Lifelong Learning: Building Machines That Learn Like Humans
Lifelong learning (LL) is a machine learning (ML) paradigm that learns continuously, accumulates the knowledge learned in the past, and uses/adapts it to help future learning and problem solving. In the process, the learner becomes more and more knowledgeable and better and better at learning. This continuous learning ability is one of the hallmarks of human intelligence. However, the classic ML paradigm learns in isolation: given a training dataset, it runs a ML algorithm only on the dataset to produce a model. It makes no attempt to retain the learned knowledge and use it in subsequent learning. Although this isolated ML paradigm, primarily based on data-driven optimization, has been very successful, it requires a large amount of training data, and is only suitable for well-defined and narrow tasks in closed environments. In contrast, we humans learn effectively with a few examples and in the open world because our learning is also very much knowledge-driven: the knowledge learned in the past helps us learn new things with little data or effort and adapt to new/unseen situations. LL aims to achieve this capability and to build lifelong learning machines. Applications such as chatbots, self-driving cars, or any AI systems that interact with real-world environments are calling for this capability because they need to face the dynamic and open world which leaves them with no choice but to learn new things continuously in order to function well. In this talk, I will introduce this emerging ML paradigm, discuss some of our recent work, and speculate on how to build machines that learn like humans.
About the speaker:
Bing Liu is a distinguished professor of Computer Science at the University of Illinois at Chicago. He received his Ph.D. in Artificial Intelligence from the University of Edinburgh. His research interests include sentiment analysis, lifelong learning, natural language processing (NLP), data mining, machine learning, and Artificial Intelligence (AI). He has published extensively in top conferences and journals. Two of his papers received Test-of-Time awards from SIGKDD (ACM Special Interest Group on Knowledge Discovery and Data Mining).

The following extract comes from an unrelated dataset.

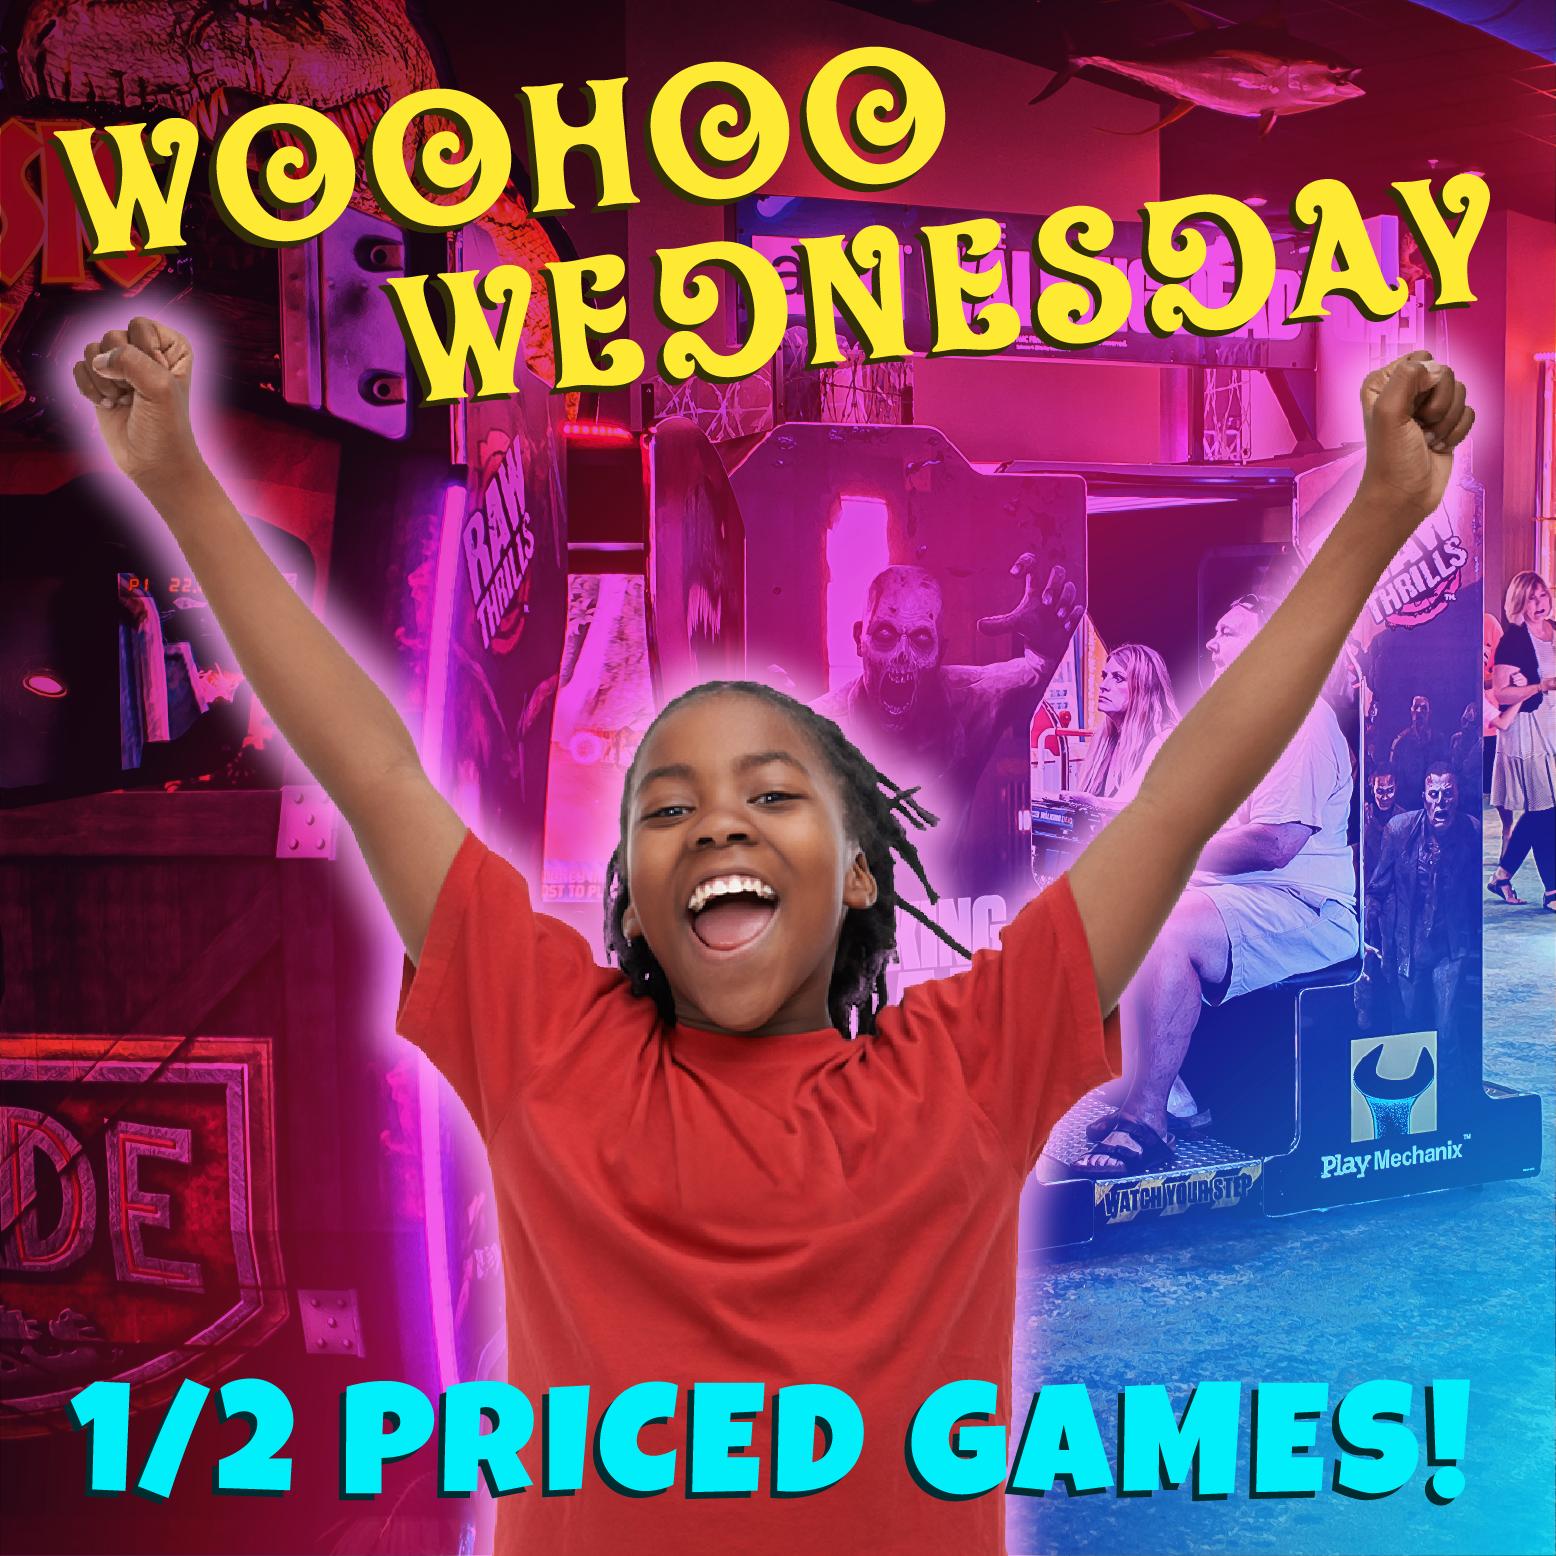 Half Priced Arcade Games on WooHoo Wednesday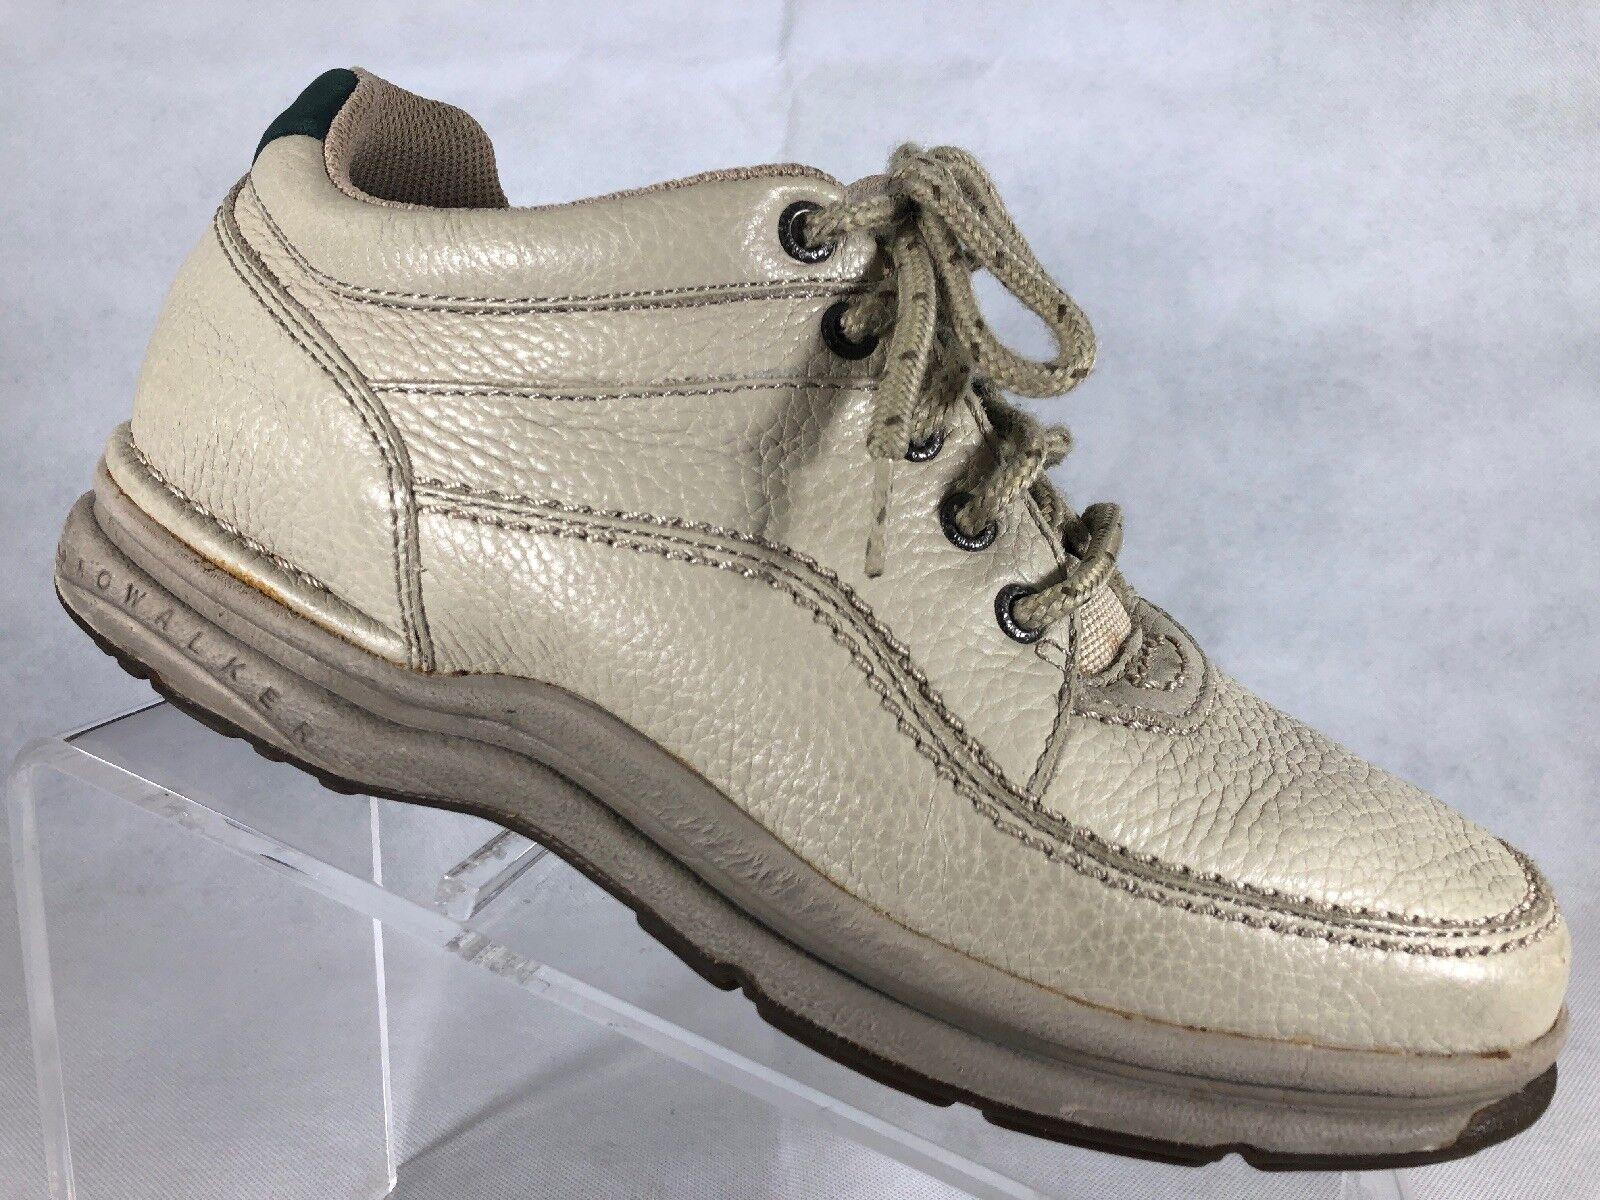 Rockport Mens Creme Leather Prowalker shoes 9W.  N2

He is also a recipient of ACM SIGKDD Innovation Award (the most prestigious technical award from SIGKDD). He has also authored four books: two on sentiment analysis, one on lifelong learning, and one on Web mining. Some of his work has been widely reported in the international press, including a front-page article in the New York Times. On professional services, he has served as the chair of ACM SIGKDD, as program chair of many leading data mining conferences, including KDD, ICDM, CIKM, WSDM, SDM, and PAKDD, as associate editor of leading journals such as TKDE, TWEB, DMKD and TKDD, and as area chair or senior PC member of numerous NLP, AI, Web, and data mining conferences. He is a Fellow of the ACM, AAAI, and IEEE.